Nur wie bewegt man die Menschen dazu, solche Projekte zu unterstützen? Sophie und Julian war klar: Je einfacher das Konzept, desto größer die Wirkung. „Wir haben das Ziel gehabt, Umweltschutz so einfach wie möglich zu gestalten. Es den Leuten einfach zu machen, etwas Gutes für die Umwelt zu tun. Und da haben wir unsere Möglichkeit gesehen“, sagt Julian. Aber woher das Geld nehmen, das später dann in die Wiederaufforstung investiert wird? Hier haben sich die beiden Studenten von der Vorgehensweise beim Cashback inspirieren lassen. Der kleine Unterschied: Die vollständige Provision geht an das Start-up. So bleibt das Pflanzen eines Baumes für den Nutzer kostenlos. „Das ist keine große Sache für einen Einzelnen, aber alle zusammen können etwas Großes erreichen“, sagt Sophie.

Seit Dezember ist die Treelia-App nun im Playstore zu finden. Das Konzept ist einfach: Man erstellt kostenlos einen Account und wählt über die Kategorie „Shops“ den Link zur Website aus, die man besuchen möchte. Bereits mehr als 1000 Unternehmen unterstützen das Münchner Start-up. Kauft man nun über Treelia ein, erhalten Julian und Sophie eine Provision. Mit diesen Spenden und in Zusammenarbeit mit dem Eden Reforestation Projects können die Geschwister Wiederaufforstungsprojekte rund um die Welt unterstützen.

Aber kann Online-Shopping tatsächlich gut für unsere Umwelt sein? Auch darüber haben sich Sophie und Julian informiert. Sie verweisen auf eine Studie, laut der Online-Shopping oftmals besser für die Umwelt sei, als in ein Shoppingcenter zu fahren. „Ein Kaufhaus braucht auch Unmengen an Strom, dann fährt man vielleicht noch mit dem Auto dahin. Es gibt viele verschiedene Aspekte die da zusammenlaufen. Außerdem wollen wir mit unserer App niemandem dazu motivieren, unverhältnismäßig viel online einzukaufen.

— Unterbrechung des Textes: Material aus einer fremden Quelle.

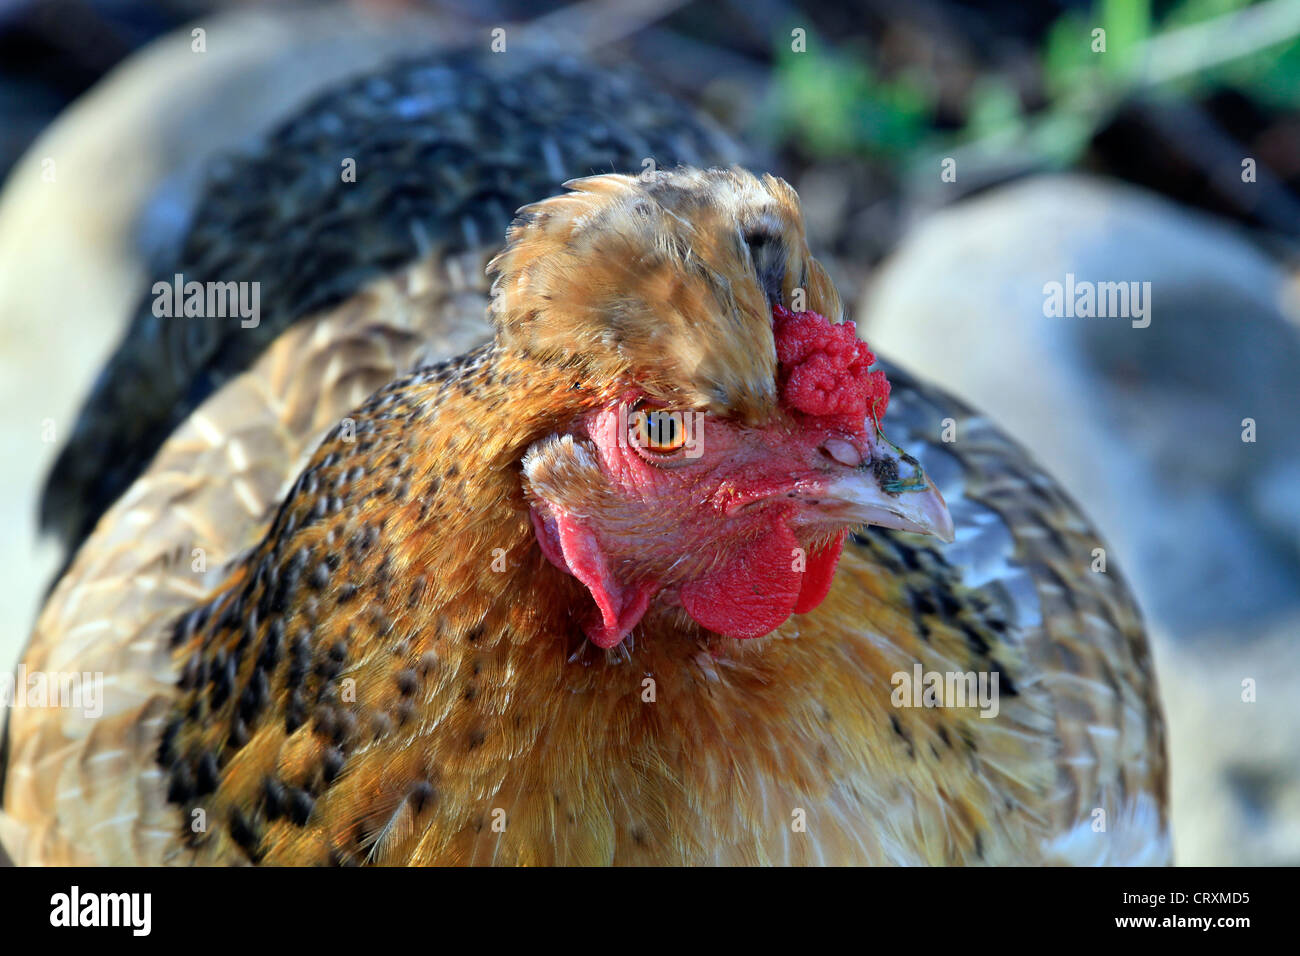 Chicken with red wattles and comb, Western Cape Province, South Africa. Stock Photo

Aber es ist tatsächlich so, dass die Logistik in den vergangenen Jahren soweit optimiert wurde, dass der CO²-Ausstoß massiv gesenkt werden konnte. Klar, wenn man mit dem Fahrrad zum nächsten kleinen Supermarkt fährt, ist das wahrscheinlich besser für die Umwelt. Aber man darf nicht unterschätzen, dass herkömmliches Einkaufen auch indirekt Co² produziert“, sagt Julian.

Neben der vollständigen Studie können auf ihrer Website auch Spendenbelege eingesehen werden. Das Versprechen: Mindestens 75 Prozent der Gewinne werden an Baumpflanzprojekte gespendet. Das erwähnen Julian und Sophie mehrmals. Schließlich sollen die Menschen sich darauf verlassen können, dass die Spenden auch da ankommen, wo sie sollen. Das restliche Geld legen sie zurück, um die Möglichkeit zu haben, auch andere Projekte zu unterstützen und die laufenden Kosten zu decken. An der App verdienen wollen die Studenten nichts.

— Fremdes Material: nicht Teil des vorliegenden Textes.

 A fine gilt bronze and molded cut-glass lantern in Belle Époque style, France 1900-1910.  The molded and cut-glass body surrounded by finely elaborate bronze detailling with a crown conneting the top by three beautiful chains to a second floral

Momentan arbeiten Sophie und Julian ausschließlich mit Eden Reforestation Projects zusammen. Die Non-Profit-Organisation kümmert sich um das Pflanzen der Bäume. Dafür stellt sie größtenteils Einheimische vor Ort ein. Die Geschwister haben sich für sie entschieden, da sie nachhaltig arbeitet, offen darlegt, wie mit den Spenden verfahren wird, und eng mit anderen seriösen Organisationen zusammenarbeitet. Laut Sophie könnten sie sich für die Zukunft auch vorstellen, mit mehreren Umweltorganisationen zu agieren. Außerdem wollen die beiden auch selbst einmal vor Ort sehen, was sie mit ihren Spenden so alles bewirkt haben. Das geht momentan natürlich nicht, ist aber fest geplant.

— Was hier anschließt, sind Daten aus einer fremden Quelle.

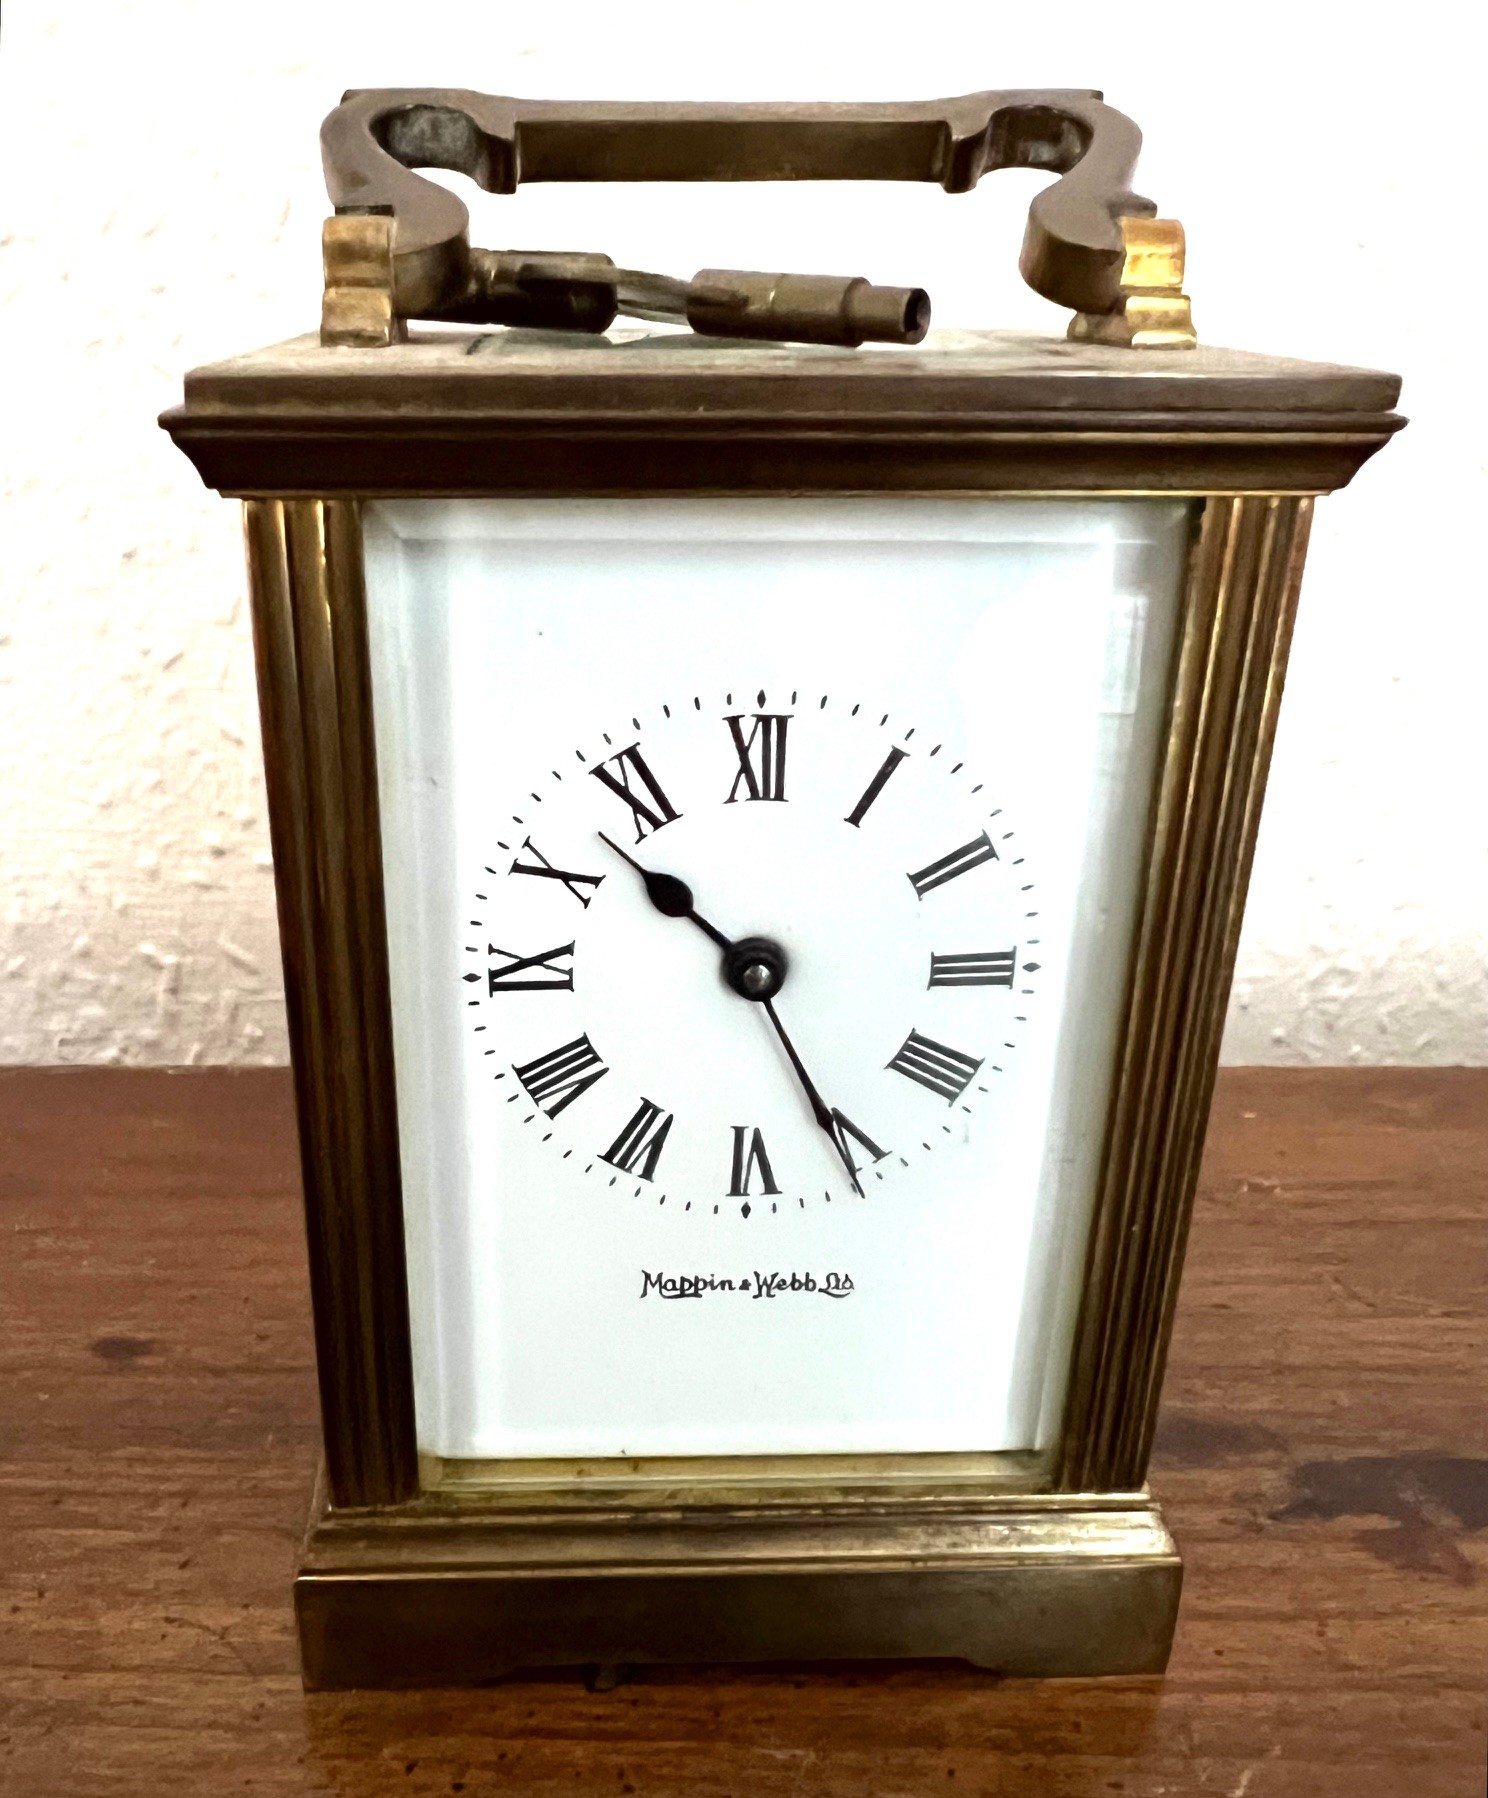 MAPPIN & WEBB CARRIAGE CLOCK TIME PIECE

Und wer weiß, bis dahin könnte sich die Anzahl der gepflanzten Bäume bereits verzehnfacht haben. Denn die Kosten sind nicht sehr hoch – gerade einmal zwischen zehn und 30 Cent pro Setzling. Dabei filtert ein Baum pro Jahr schon etwa zehn Kilogramm CO² aus der Atmosphäre. Ein großes Ziel haben die Geschwister jedoch nicht: „Wir freuen uns über jeden einzelnen Baum. Wir haben auch nicht die Ressourcen, das ganz schnell auszubauen.“ Trotzdem hoffen die beiden natürlich, ihre Reichweite steigern zu können und mehr Leute zum Mitmachen zu bewegen. Denn zusammen könnte man nicht nur einen Baum, sondern einen ganzen Wald pflanzen.